Israeli tanks and helicopter gunships blitzed the headquarters of a Palestinian security chief, Jibril al-Rajoub, near Ramallah, setting buildings ablaze and causing an unknown number of casualties among the 400 people said to be inside.
 
Rajoub, who was evacuated earlier, denied there were any militants wanted by Israel sheltering in the compound.
 
In Ramallah, the head of medical services in the West Bank said three civilians had been killed in the city Tuesday.
 
Moussa Abu Hmaid said an Israeli sniper had shot dead a 56-year-old woman outside Ramallah hospital. Medical workers had found the bodies of two other Palestinians, a handicapped man named Ayoub Musallam, 40, and Mohammed Mahroum, 32.
 
CURFEW IN TULKARM
 
Troops thrust into the northern city of Tulkarm and nearby villages of Anabta and Kafr al-Labad.
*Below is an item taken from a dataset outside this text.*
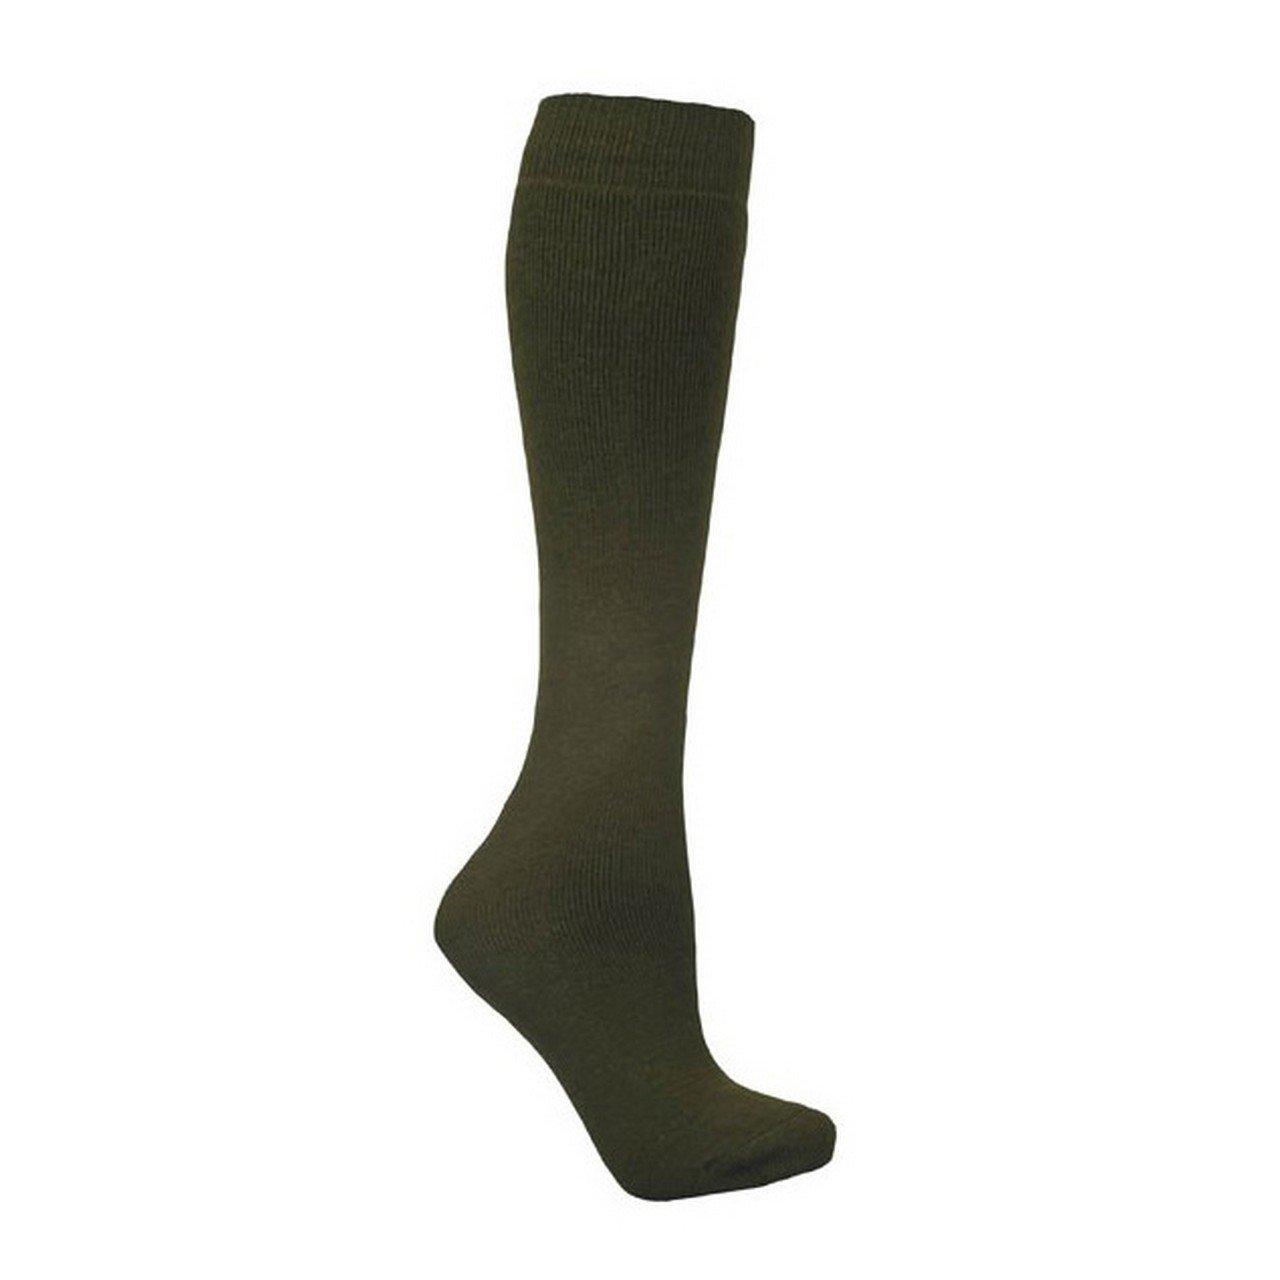 Trespass Adults Unisex Tubular Luxury Wool Blend Ski Tube Socks (5-12 US) (Charcoal) UTTP968_2

In Tulkarm, soldiers ordered terrified residents to stay indoors or be shot. "A curfew is imposed. Any violators will be fired at," they shouted, witnesses said.
 
A Palestinian official said troops had shot dead a retarded man aged 42 near a checkpoint outside Bala'a, north of Tulkarm.
 
Israel army radio said two Palestinians had been found dead in a car near Tulkarm, with a note from a group calling itself "The Tears of the Widows and Children." The radio said police believed a Jewish underground group was behind the killings.
 
Israel's military offensive began Friday when it sent tanks to besiege Arafat's headquarters after a suicide bombing killed 22 people during a religious Passover feast Wednesday.
 
But the campaign has so far failed to halt suicide bombings, of which there have been six in as many days.
 
Israeli Foreign Minister Shimon Peres told army radio the West Bank incursions might last for weeks. "We have no intention of staying there a protracted time -- three to four weeks."
 
Police were on high alert in Jerusalem after a bomber blew himself up at a checkpoint Monday, killing a policeman.
 
Army radio said a gunman was killed while trying to attack an Israeli cooperative farm just north of the West Bank.
 
At least 1,138 Palestinians and 400 Israelis have been killed since the Palestinian revolt began in September 2000.
 
Iranian-backed Hizbollah guerrillas fired a Katyusha rocket into Israel from Lebanon early Tuesday, Israeli security sources said. It was the first such strike since Israel's army withdrew from Lebanon in May 2000 after a 22-year occupation.
 
"The situation in Lebanon we view gravely and I am sure that we will respond suitably," Sharon told army radio.